Indicates that a device in the system is in a "not present" state.

Boolean

This state indicates that a device is either physically not present or electrically inaccessible. For instance, pulling the power cord on a CPU board makes the DIMMs and Processors on the board go to this state. When a WMI object goes to this state, it is generally not enumerable. Thus, this state only appears in state change events.

Removed

Indicates that a device in the system is in a "removed" state. Usually, this is a final state but it can be a transient state.

Boolean

Usually, this state indicates that a device was intentionally removed from service. When intentionally removed from service, the device remains in this state. Only some devices go to this state when removed from services; other devices go to other offline states. Some devices pass through this state as they are brought online.

Dumping

Indicates that a device is in a "Dumping" state. This is a transient state.

Boolean

This state indicates a device is in the process of writing a dump to a file.

Diagnostics passed

Indicates that a device is in a "Diagnostic Passed" state. This is a transient state and the device should change to "online" state when it is brought online.

Boolean

This state indicates that a device has just completed its diagnostics tests.

Initialising

Indicates that a device is in a "Initialising" state.

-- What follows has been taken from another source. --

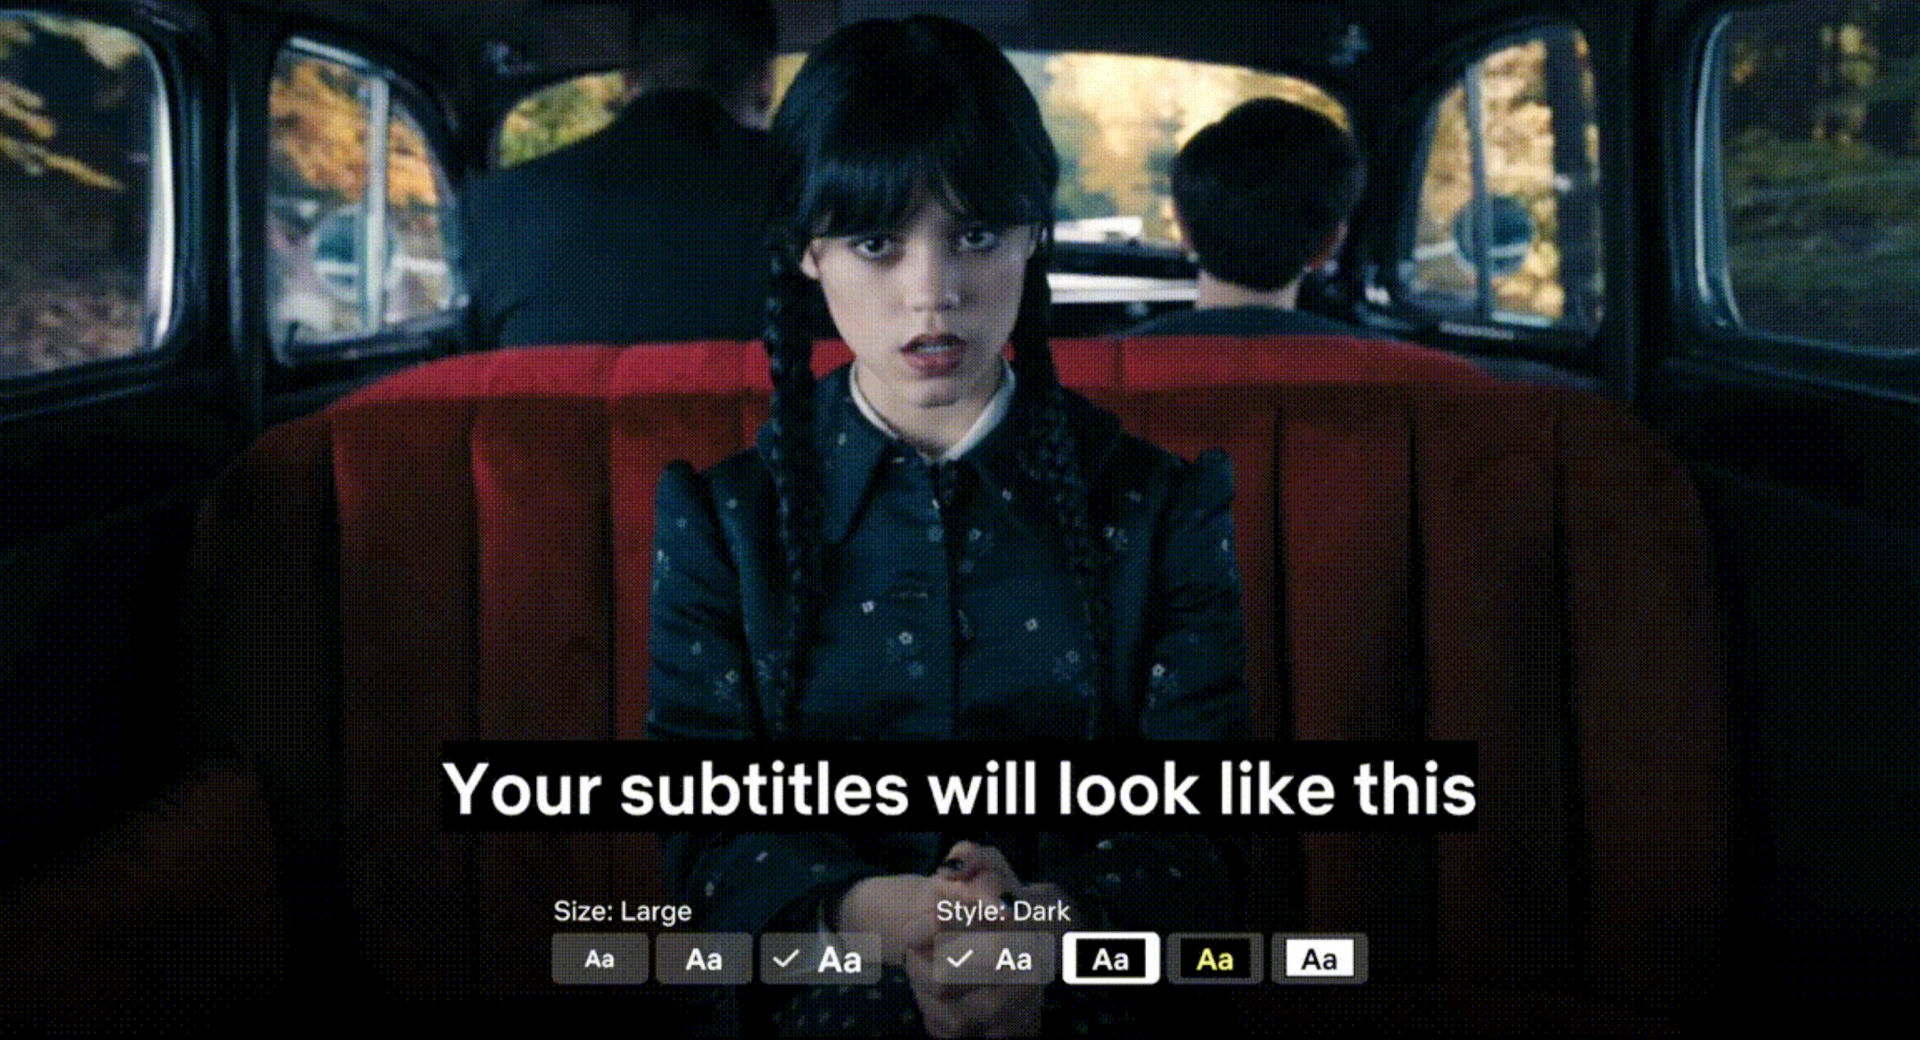 A Netflix show (Wednesday) with subtitles displayed with numerous options to change the size and style of the subtitles

This is a transient state and the device should change to "online" state when it is brought online.

Boolean

This state indicates that a device is in the process of initializing.

Syncing

Indicates that a device is in a "synching" state. This is a transient state and the device should change to "online" state when it is brought online.

Boolean

This state indicates that a device is synchronizing itself with its partners. For instance, when a CPU is brought up, it synchronizes its memory and its processor state with that of its partners.

Offline

Indicates that a device is in a "offline" state.

 

Boolean

This state indicates that a device is offline. Only some devices can go to this state while other devices go into the "Removed From Service" state.

Firmware update complete

Indicates that a device's firmware update procedure has completed.

Boolean

 

Diagnostics

Indicates that a device is running diagnostics.

Boolean

 

Online

Indicates that a device is in a "online" state.

Boolean

This state indicates that the device is online, but not configured for redundancy. For instance, a working NIC that is not part of a team will be in this state. Although the online state does not indicate whether a device is safe-to-pull or not, on a properly configured system such devices can be assumed safe-to-pull.

Simplex

Indicates that a device is in a "Simplex" state.

Boolean

This state indicates that a device is online, configured for redundancy, and is not safe-to-pull. When applied to a port, indicates that the port is configured for redundancy, and that whatever is connected to the port is not safe-to-pull.

Duplex

Indicates that a device is in a "Duplex" state.

Boolean

This state indicates that a device is online, configured for redundancy, and is safe-to-pull. When applied to a port, indicates that the port is configured for redundancy, and that whatever is connected to the port is safe-to-pull.

Shot

Indicates that a device is in a "Shot" state. This is a transient state and the device should either transit to "broken" or "online" state after diagnostic is done.

Boolean

This state indicates that a device experienced a problem and will soon move to either an online state or the broken state.

Broken

Indicates that a device is in a "Broken" state.

Boolean

This state Indicates that a device is broken. In the case of a port, this state may mean that the port is inoperative or that that which attaches to the port is inoperative. There are several reasons that a device could be broken but usually points to hardware errors. Contact your service providers for service checks. In the case where the device is a port, it usually indicates that there is nothing attached to the port, or when whatever should be attached to the port is not responding. For example, a NIC port will be in this state when it cannot detect link.